6:30Histórias de quem gosta de conversar

por Thea Tavares

Todas as vezes que viajo para o interior, trago a sensação de que o relógio marca o tempo de um jeito diferente por lá. A correria do trampo acaba sendo a mesma, ou fica até pior, visto que não se conta com a estrutura habitual, aquela que faz tudo funcionar engrenado, mas a gente meio que se obriga a dedicar um pouco mais de atenção às coisas simples e corriqueiras. Pode-se olhar nos olhos das pessoas enquanto conversa, sem que isso seja confundido com segundas, terceiras e quartas intenções. Pode-se ter curiosidade para observar a movimentação delas, permitir-se um bocadinho de prosa a mais, se convidar para uma roda de chimarrão, ouvir e contar histórias. Incrível como essas coisas cabem todinhas na velocidade do dia vivido no interior!

Fazemos amizades novas com mais facilidade e quando reencontramos os amigos velhos de guerra, então, a conversa flui e é possível atualizar anos de ausência, colocar em dia uma prosa suspensa por décadas! Também resgatar e enumerar de cabeça fatos e pessoas que você não sabia que ainda preservava intactos na memória.

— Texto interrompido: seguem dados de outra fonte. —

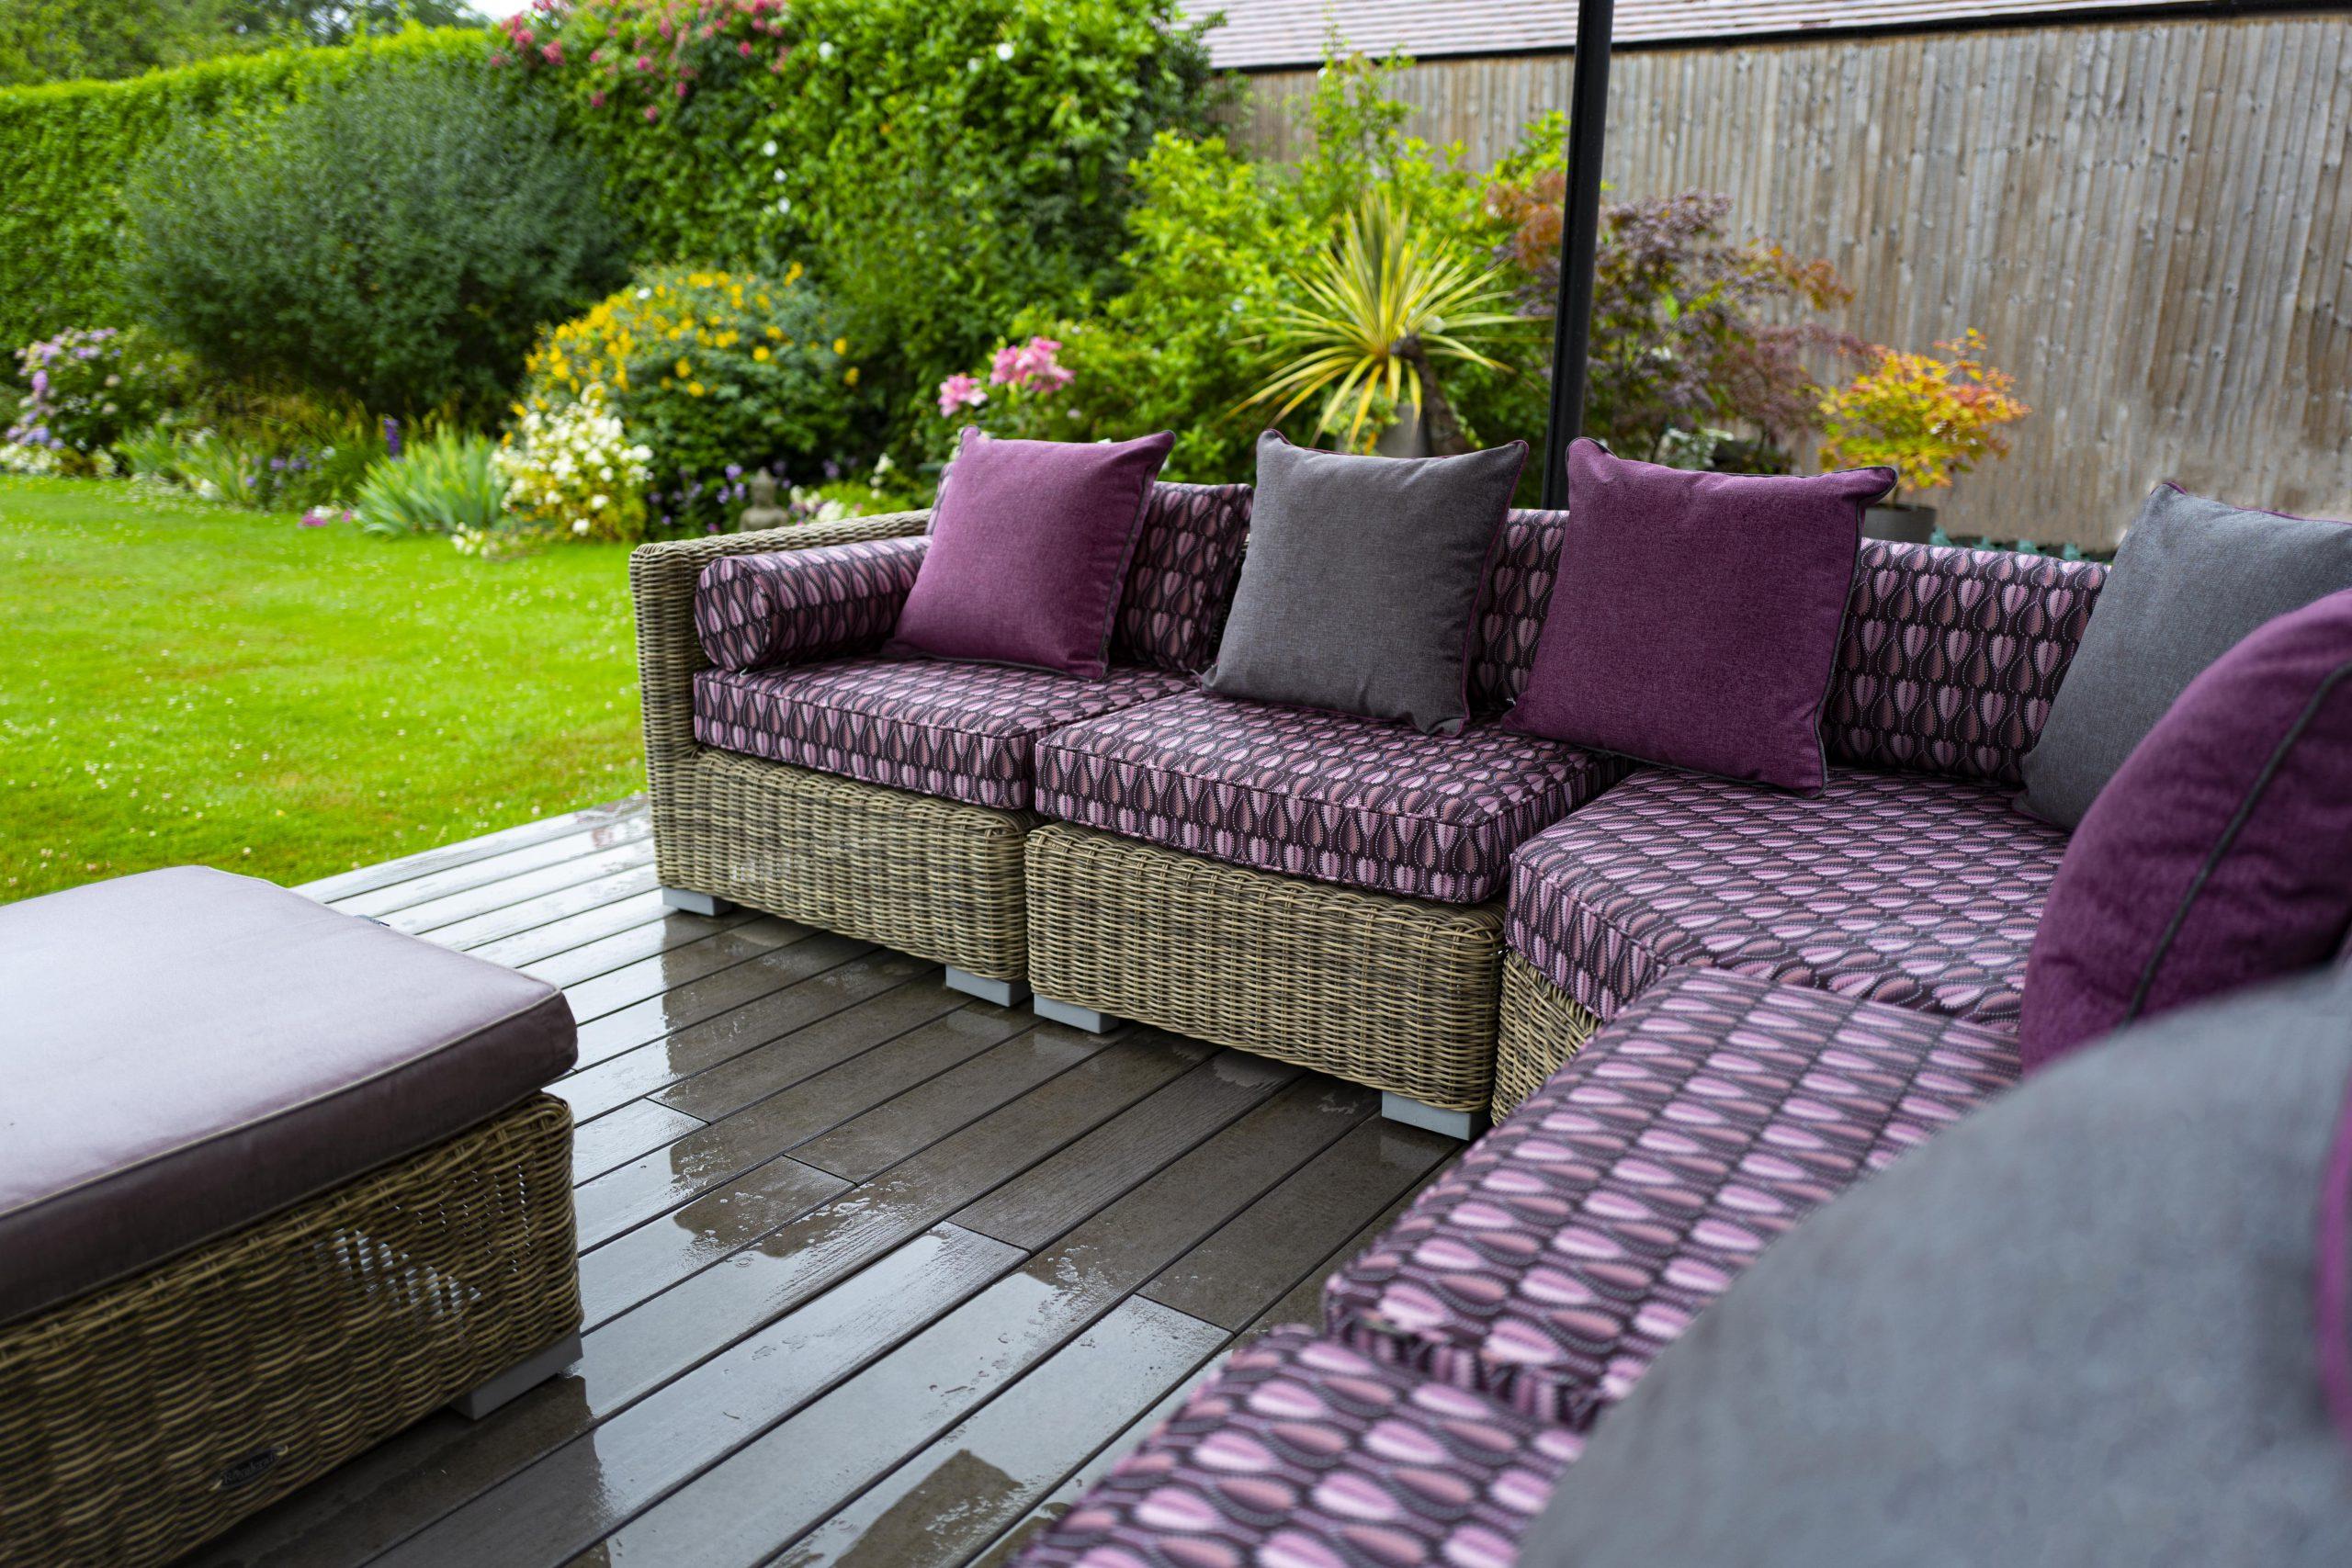 Hotel Outdoor Cushions, Luxury Hotel Cushions

De repente, acionamos aquela enxurrada de pensamentos e de lembranças que dão sentido à construção das nossas trajetórias de vida.

Sei que esse papo meu já está qualquer coisa parecida com ladainha de velha, que tem seus hormônios e emoções todos bagunçados, mas a verdade é que o saudosismo me acompanha há muito tempo. Desde sempre. É meio que uma marca registrada de quem já nasceu com saudades. Cada minuto vivido vai compondo um baú de sentimentos armazenados e de aprendizados que ensinam e inspiram a no futuro encontrarmos respostas instintivas e espontâneas para as mais diversas situações. Esse acúmulo só se consegue com muita observação ao longo dos anos, deixando um legado de maturidade para perceber os fatos e se posicionar com sabedoria. Se não conseguirmos isso em tempo integral, contamos com as aceitações que prevalecem ainda com mais firmeza. A bem da verdade, o apoio e a tolerância deveriam ser próprio de sermos gente pura e simplesmente e não de estarmos neste ou naquele local do mapa.

Por isso também que a sensação que tenho quando viajo ao interior é que tudo importa mais e cada mínimo detalhe faz tanto sentido, que tudo cabe dentro do nosso dia. O tempo bate diferente, sem dúvida! Parece que escolhe momentos para ligar a câmera lenta e explorar demoradamente cada detalhe para reter. Talvez por isso o desgaste se torne menor e a gente relaxe mais, descarregue aos poucos as tensões. E é deliciosa a necessidade que se tem de conversar, de explorar as histórias e de conhecer mais a fundo as pessoas e as situações. A simbiose entre carência, curiosidade e pertencimento dialoga diretamente com a nossa atenção, que deixa de ser dispersa e se concentra na escolha daquilo que for essencial.

Soa romantizado e é. Só sei dizer que tudo lá tem cheiro, gosto e jeito de literatura juvenil; parece também com letra de música que se ouvia no rádio velho lá de casa, quando espichava bem os ouvidos para memorizar palavras e significados daquelas canções, driblando os ruídos da transmissão, e escrevi num caderno de escola para não esquecer e compartilhar com as amigas. O tempo estaciona sobre momentos assim para que se possa eternizá-los. Quem gosta de conversar vai me entender e se identificar com essa saudade e valorização. Mas também tem sempre aquele urbanoide sincericida, que vai ler até o final e dar uma de Drummond, exclamando: – Eta vida besta! E segue o baile.